I’ve heard Yekiti and Azadi [Syrian Kurdish parties] have pulled out now or are threatening to do.

All Syrian Kurdish groups decided in Irbil in October to freeze any participation of Kurdish groups in the SNC. This applies to all Kurdish parties, from the Damascus Declaration on, and will continue until and unless the SNC listen to our demands. My party, the Kurdish Democratic Party, had an SNC member: we actually froze his membership before the conference in Syria that formed the KNC.

Of course, we cannot stop individual Kurds from participating in the SNC, although I suspect that as time goes on and nothing changes, they too will freeze their membership or quit altogether.

So what are the Kurdish National Council’s preconditions for joining the SNC fully?

 

We have four main demands, and they’re not necessarily all going to be fulfilled: First, political decentralization of the government. Syria is a multi-cultural, multi-lingual, and multi-ethnic country. If it keeps to the same governing style as now — one central government — there is a possibility of civil war. Second, a secular state. Third, constitutional recognition of the Kurdish issue, a constitutional assurance that the Kurdish people are on their historic land. And the lifting of all discriminatory policies that have been deliberately applied to the Kurdish people. Fourth, the right of self-determination within Syria’s unity and integrity — that’s our condition to remain within Syria.

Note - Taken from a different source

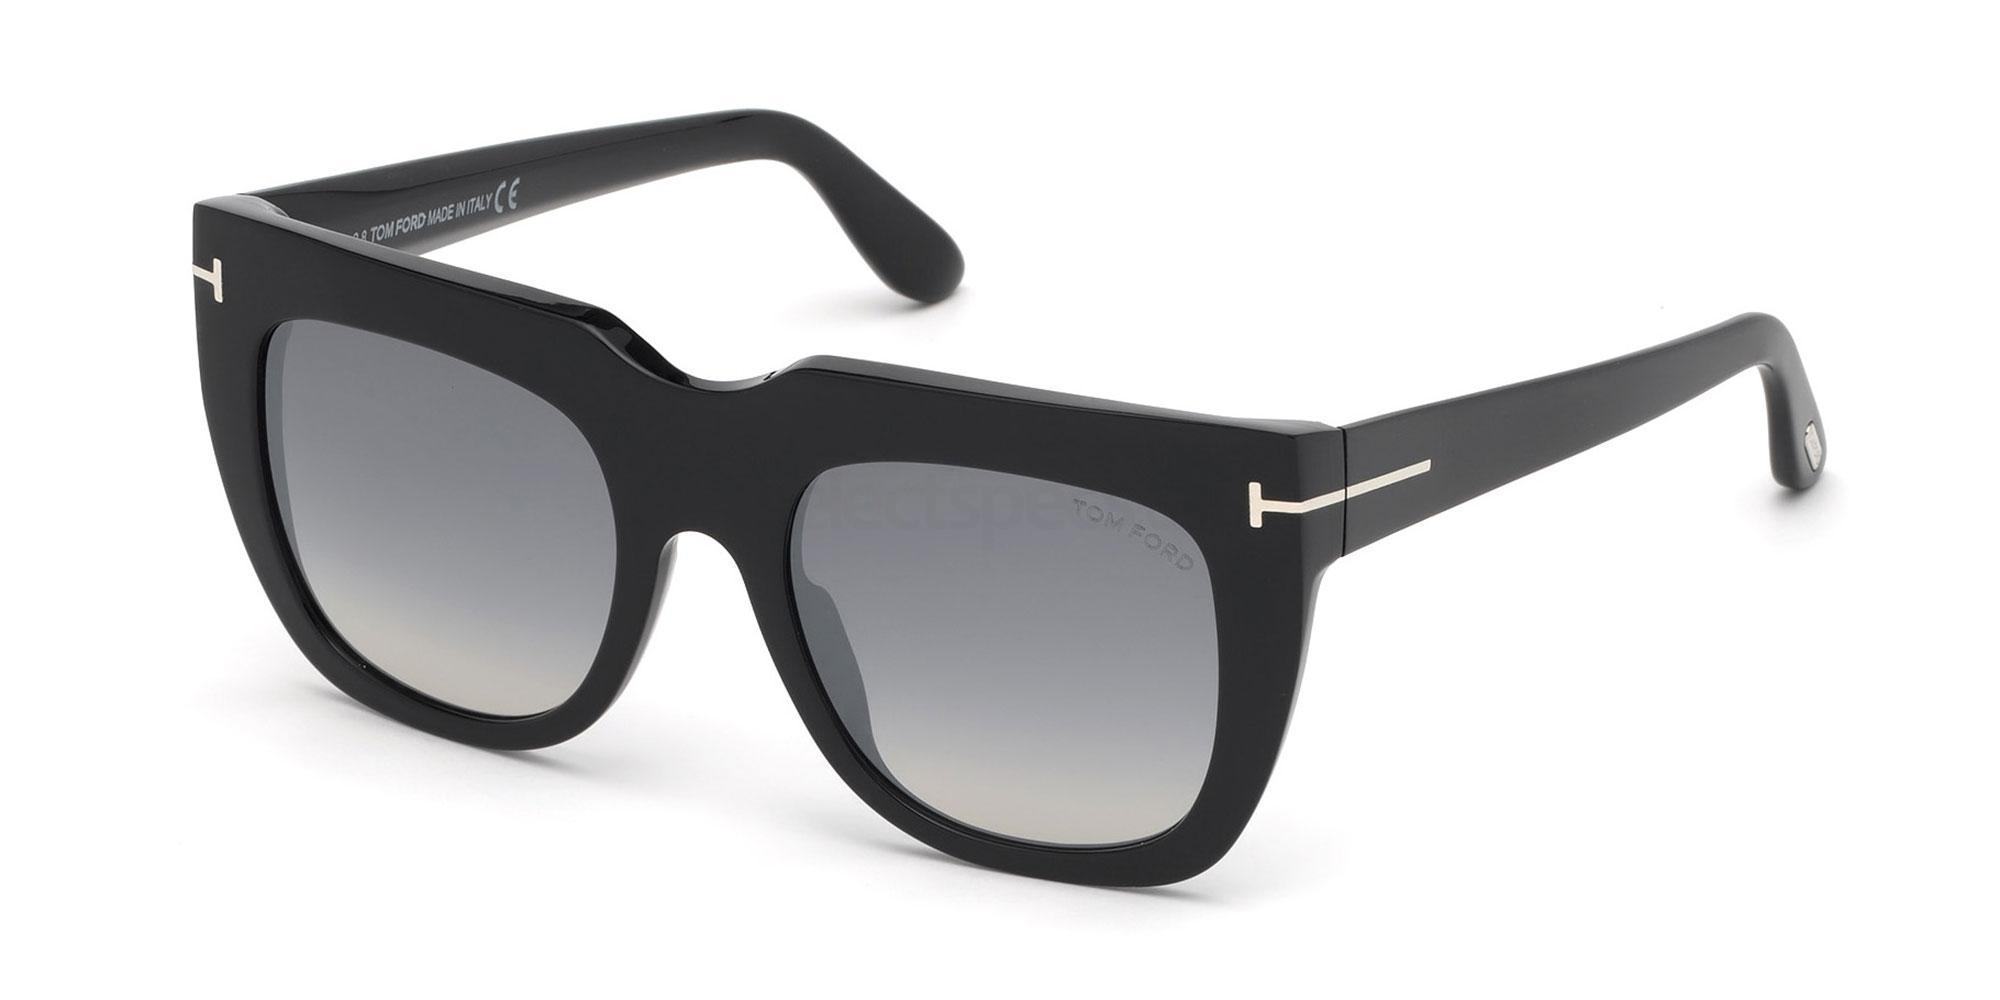 01C FT0687 Sunglasses, Tom Ford

If the SNC fully recognizes the Kurdish Bill of Rights, we will join the SNC fully. Because we are very concerned that the SNC is so much influenced by Turkey now, they may postpone guaranteeing our rights until after the regime falls. Therefore we ask for a recognition of these rights in order to become a draft for a new constitution.So you want a written guarantee from the SNC?

We want a guarantee written and published internationally. The important thing to realize is that if we get our full rights, Turkey will be obliged to grant full rights to Turkey’s Kurdish population. If the Kurds were to get recognition in the Syrian constitution, Turkey will give similar if not more rights to the Kurds in Turkey. Syria is the key player.

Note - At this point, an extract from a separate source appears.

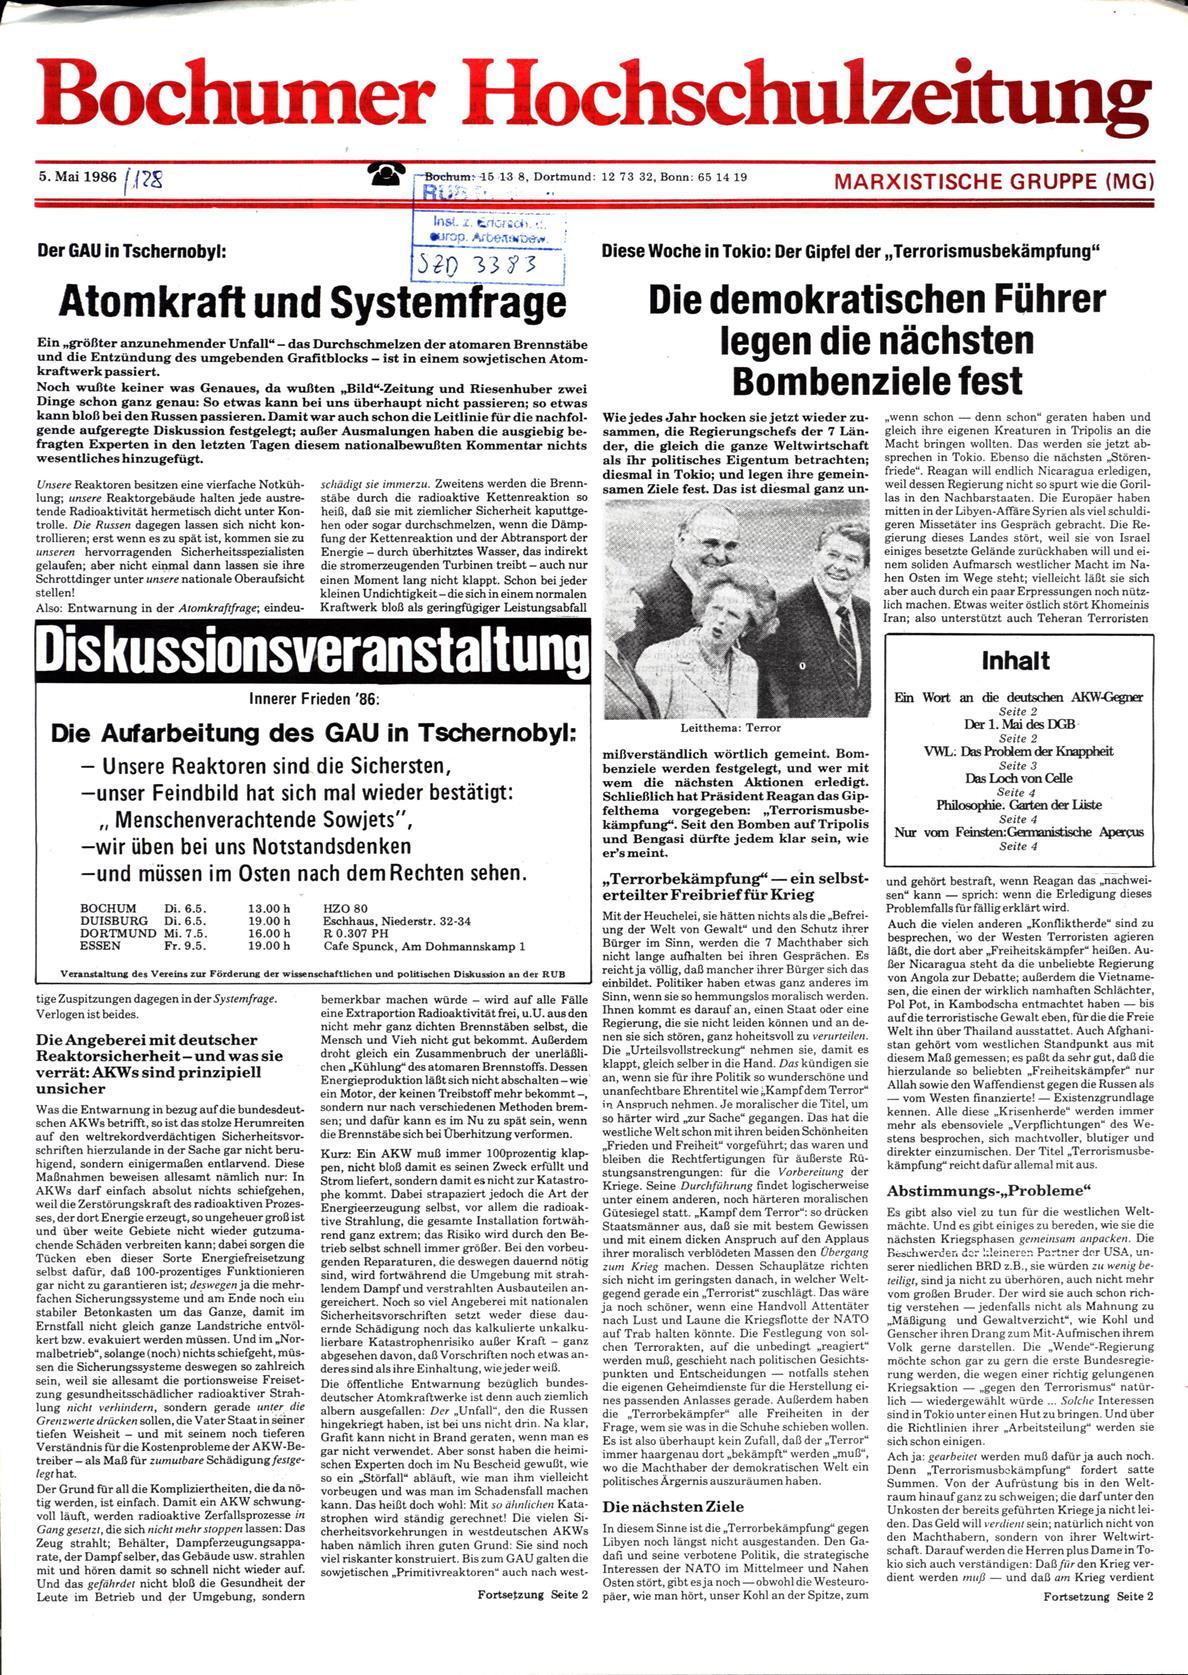 Bochum_BHZ_19860505_128_001

Change in Syria means change in Lebanon, Turkey, and Iran. Iran will be isolated because Iran’s connection with Hezbollah would not be so much facilitated as before [by the Assad regime]. The new Syrian government would not be an ally of Iran.

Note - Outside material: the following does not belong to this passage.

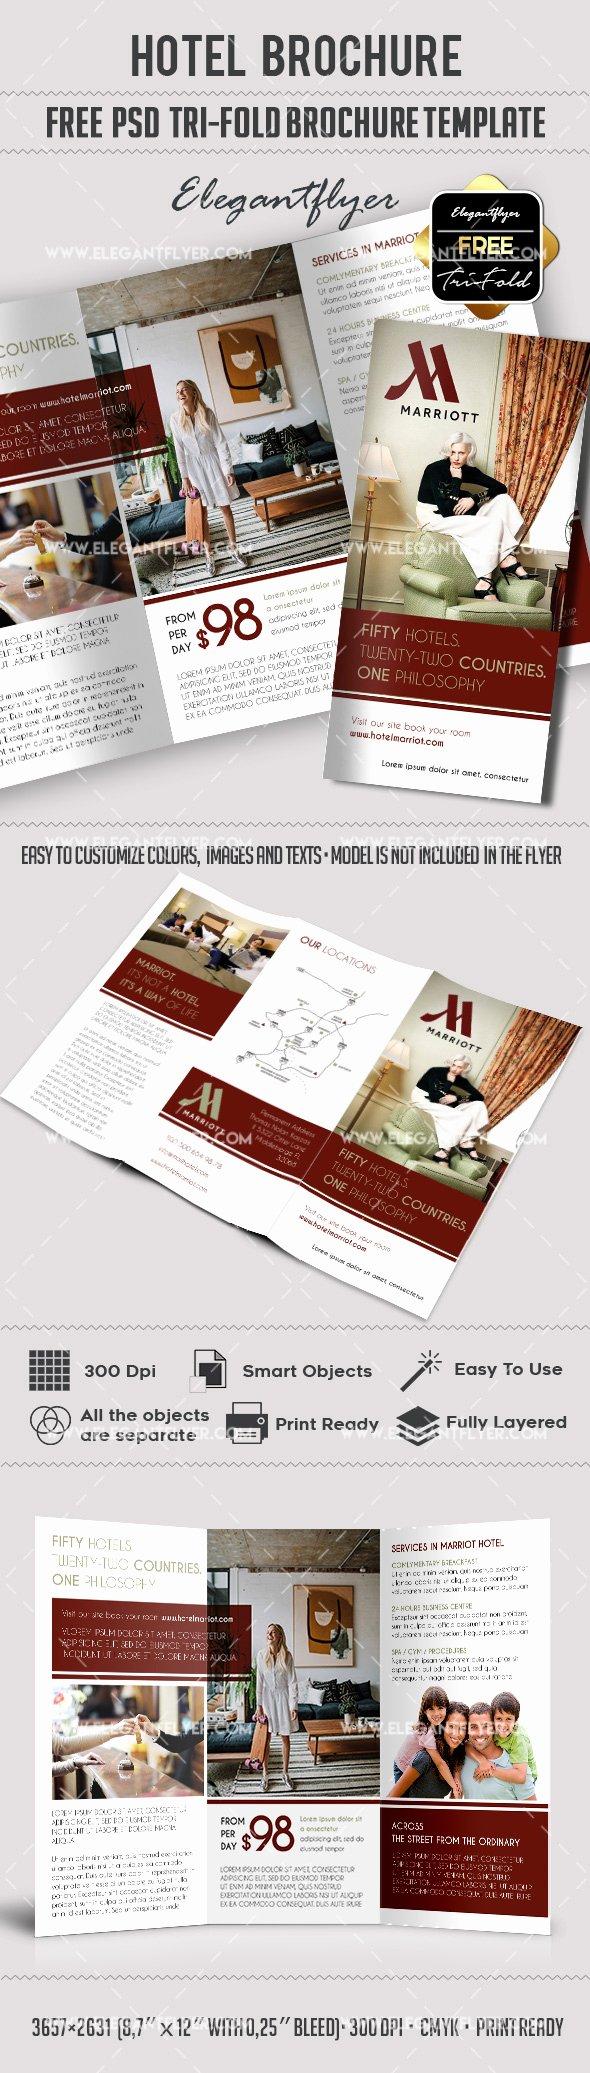 Free Hotel – Free Psd Tri Fold Psd Brochure Template Flyer

Ghalioun said this in his interview with the Wall Street Journal two months ago, though he’s gone back and forth on partnering with Hezbollah recently.

Ghalioun wants to be diplomatic. In fact, I believe, the SNC would completely cut ties with Hezbollah.

Recently, university students [in Syria] have said that Lebanese are enrolled in Syrian universities who aren’t of university age. This is from student sources. Students have said that these are Hezbollah members.

The SNC has not been recognized by world governments, apart from Libya’s, as the sole legitimate representative of the Syrian people. If it were, would you be more willing to join?

If the international community recognized the SNC at this stage, that would be a very quick decision. It still represents only one side of the Syrian opposition, it doesn’t include Kurds as Kurds. We are united and we have agreements. If we were to join the SNC fully, we’d do so from a unified political standpoint on this issue.

Is the KNC all in for regime change or are you entertaining a possible reconciliation with the Assad regime?

We are part of this revolution, we are not neutral. One of the main points in the KNC statement is that we don’t want the present dictatorship and we refuse to accept any future dictatorships. We don’t accept an Islamic government or a Muslim Brotherhood-led government. We will refuse that very firmly.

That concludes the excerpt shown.